▸ WHAT THE TASK ASKS:
Reproduce the listing below in full and exactly; no pictures belong in the copy.

SUPPLIED INFORMATION Start Marker

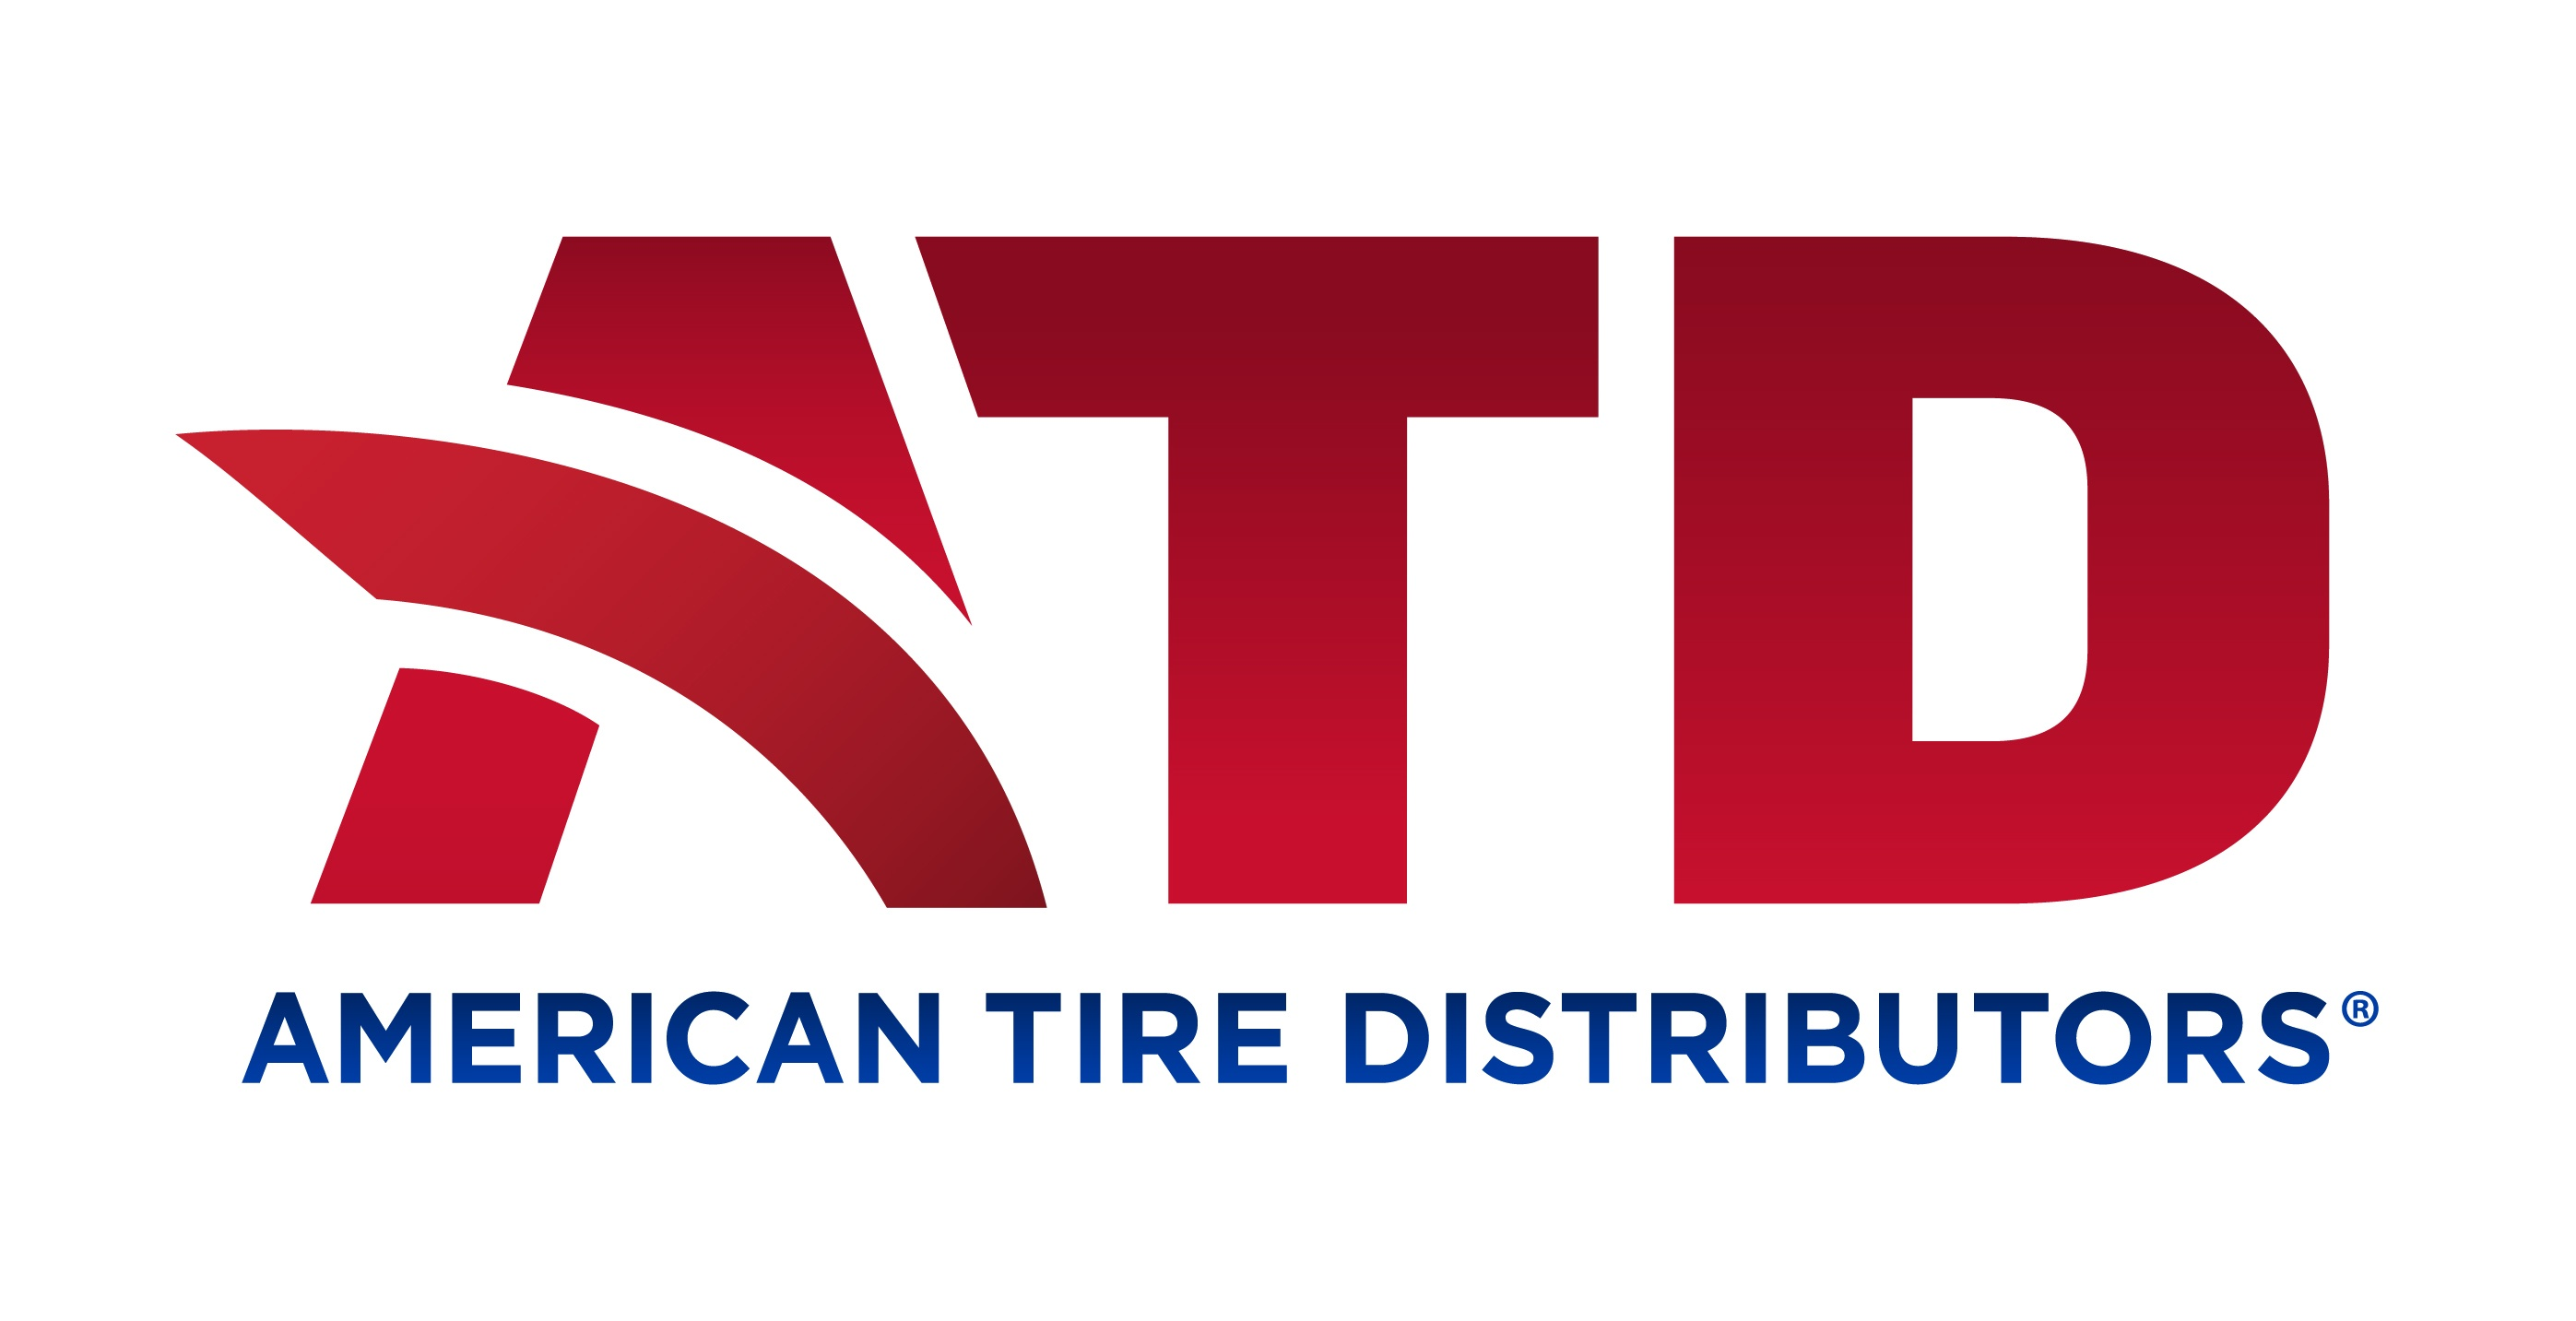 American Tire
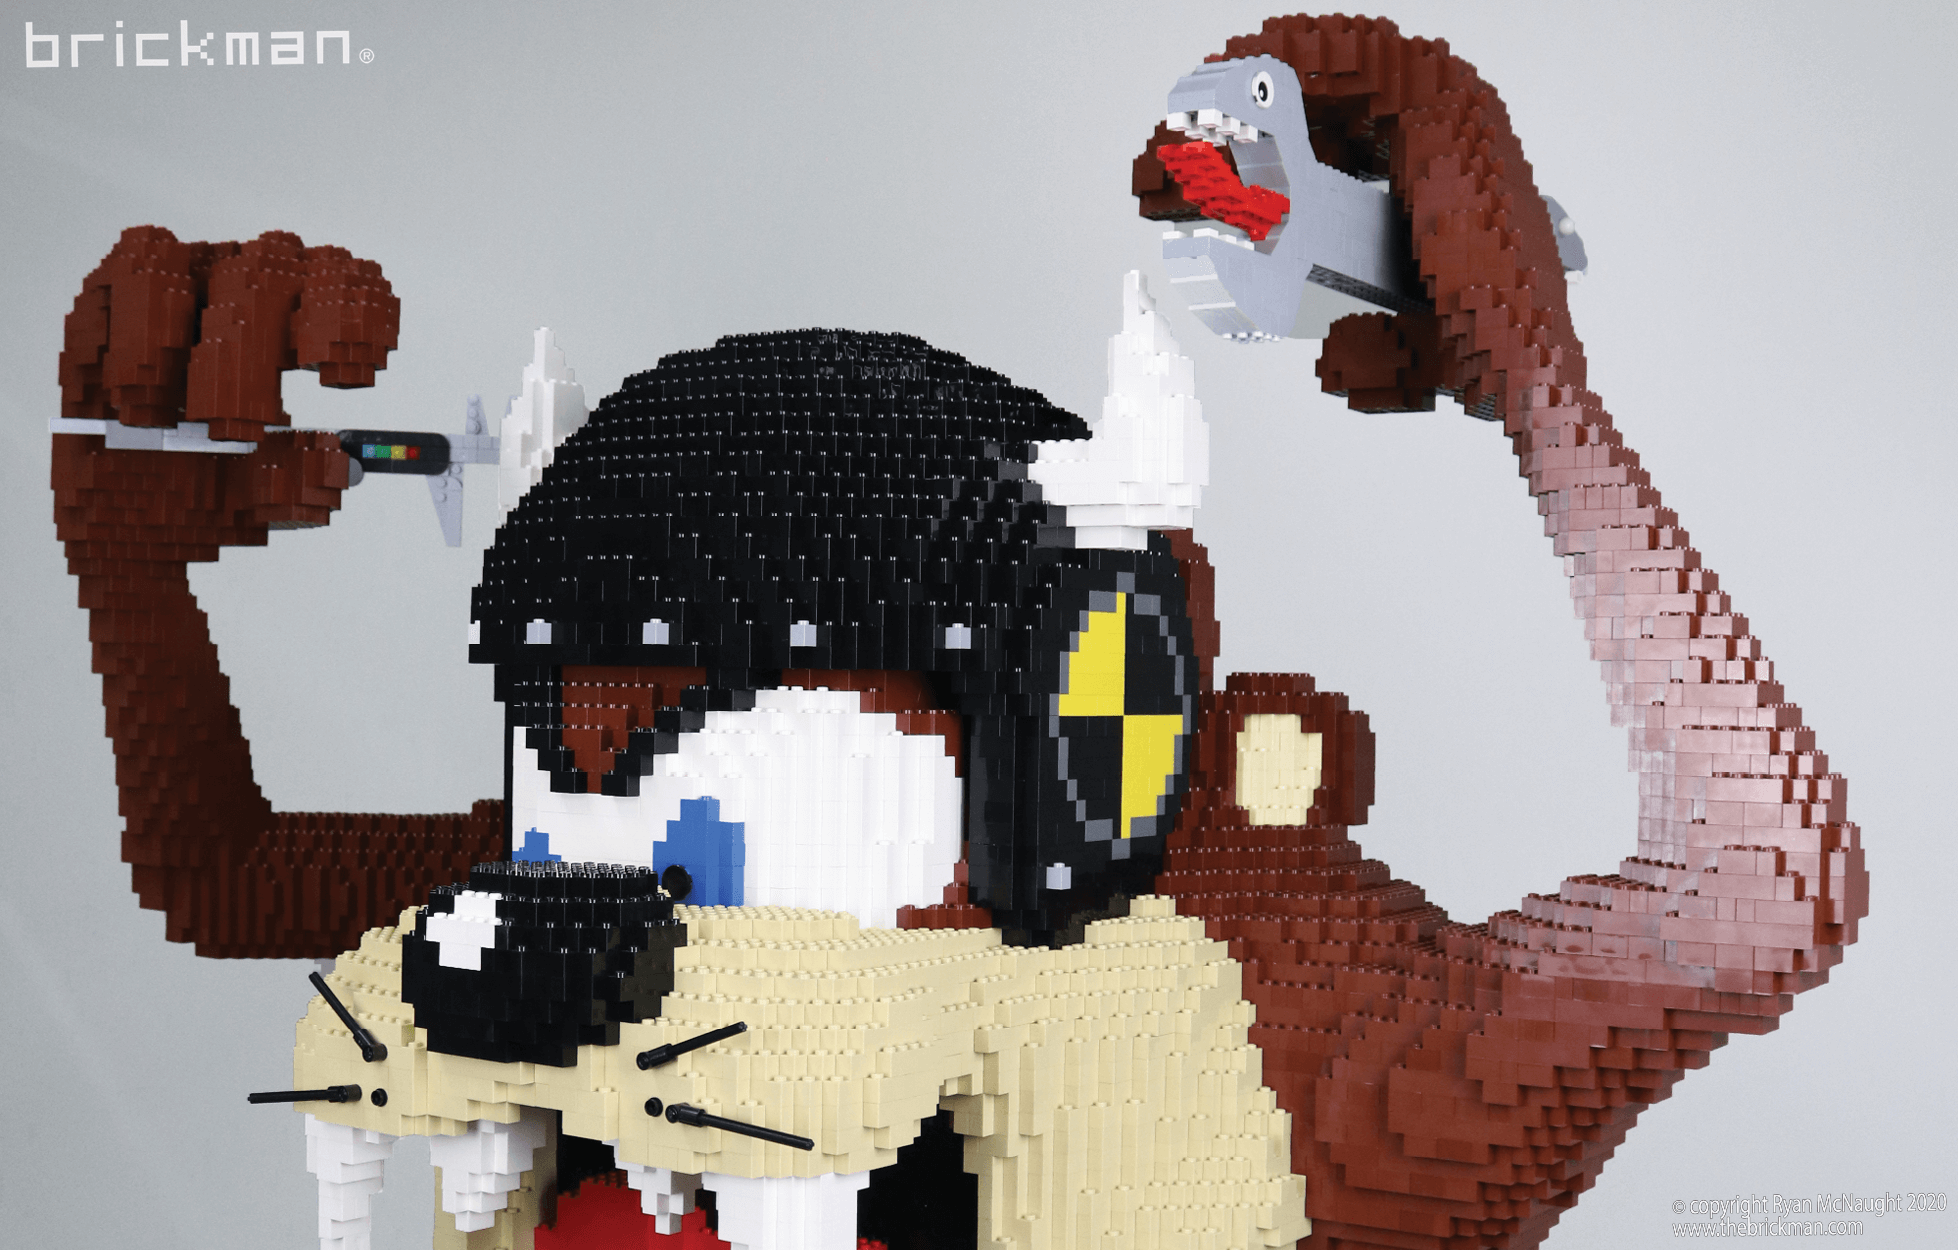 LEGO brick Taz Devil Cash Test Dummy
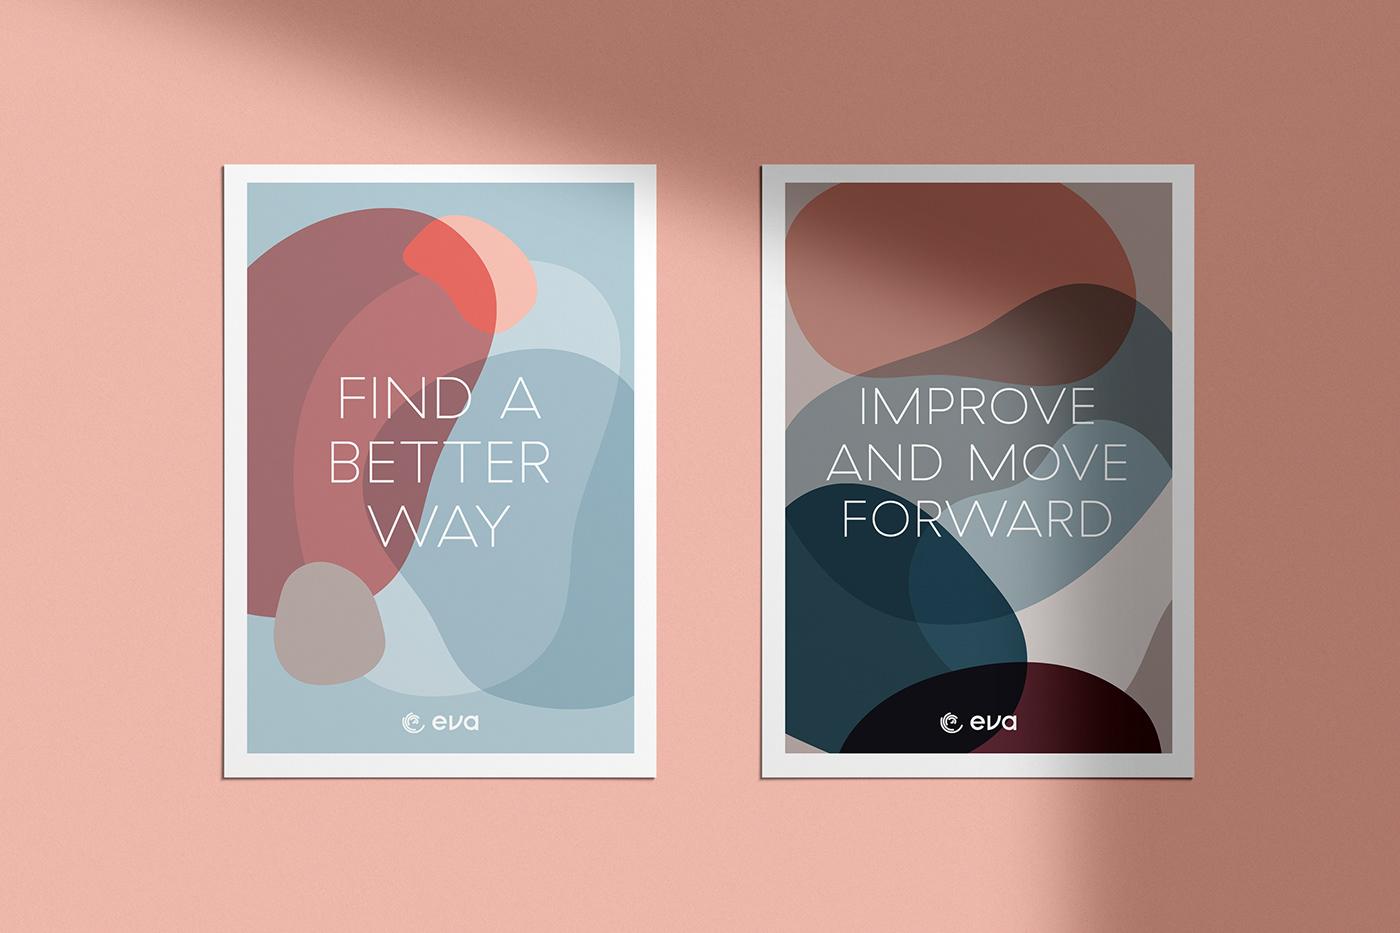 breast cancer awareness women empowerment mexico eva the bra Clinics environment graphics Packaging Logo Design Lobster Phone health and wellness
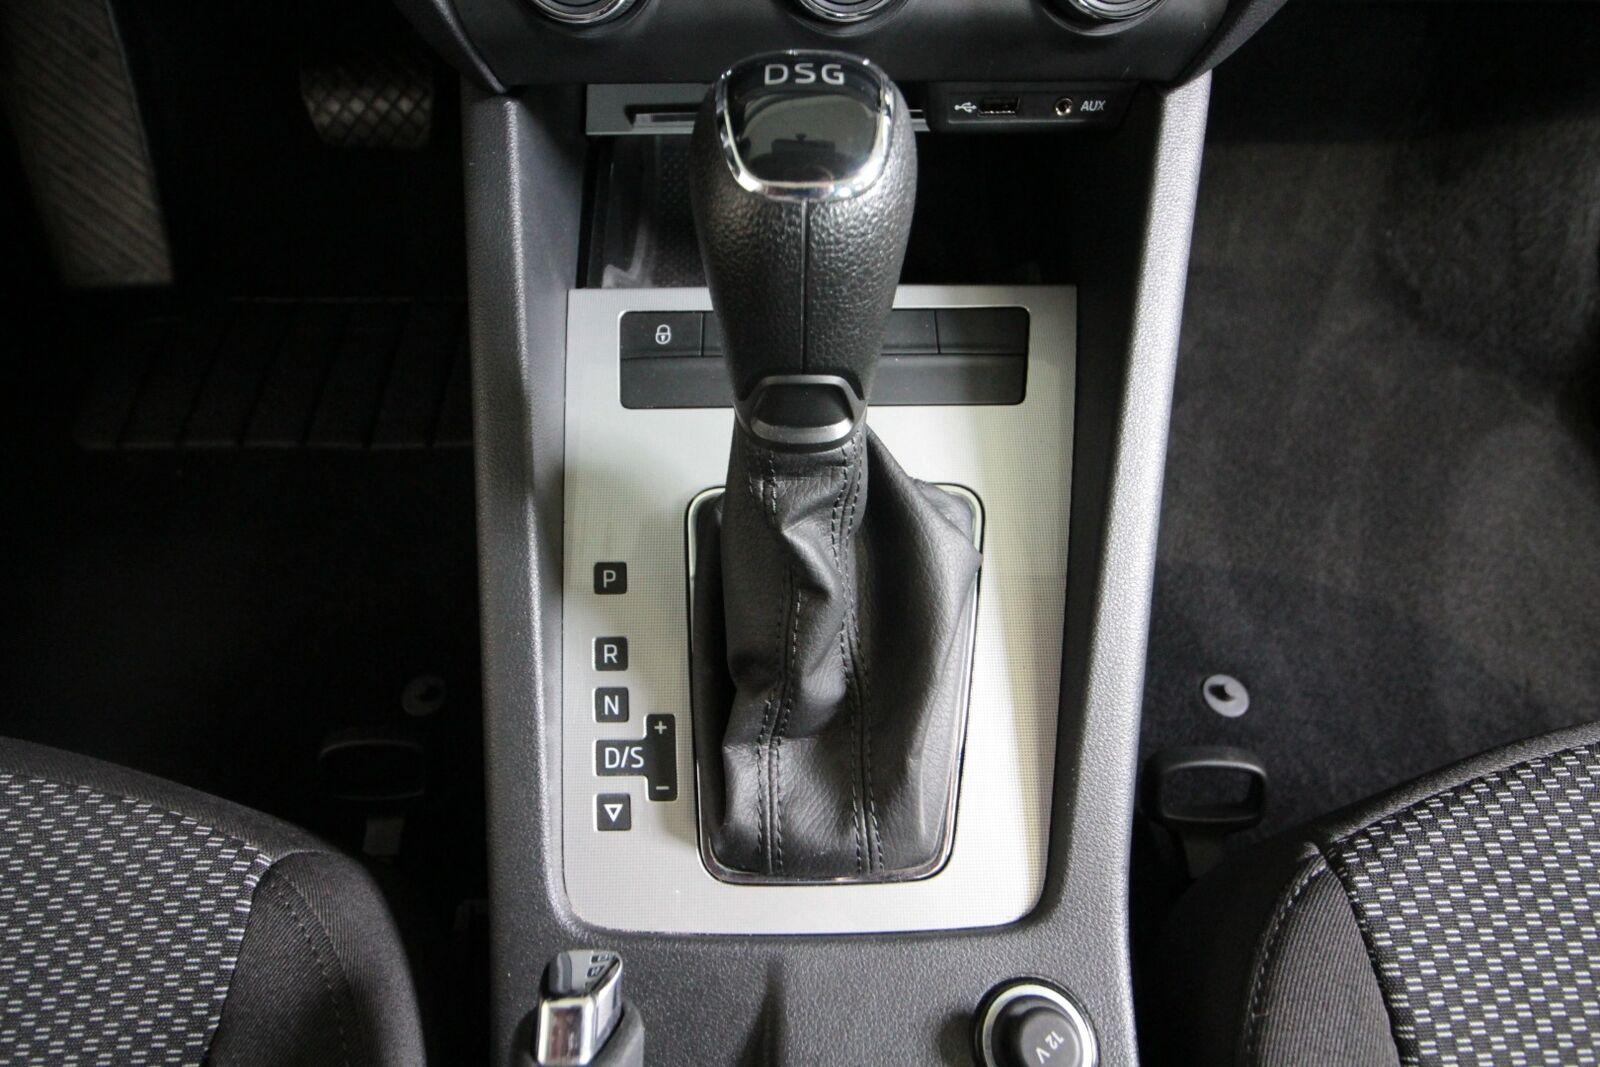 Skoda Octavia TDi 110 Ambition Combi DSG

SUPPLIED INFORMATION End Marker

▸ TASK OUTPUT:
 American Tire
 LEGO brick Taz Devil Cash Test Dummy
 breast cancer awareness women empowerment mexico eva the bra Clinics environment graphics Packaging Logo Design Lobster Phone health and wellness
 Skoda Octavia TDi 110 Ambition Combi DSG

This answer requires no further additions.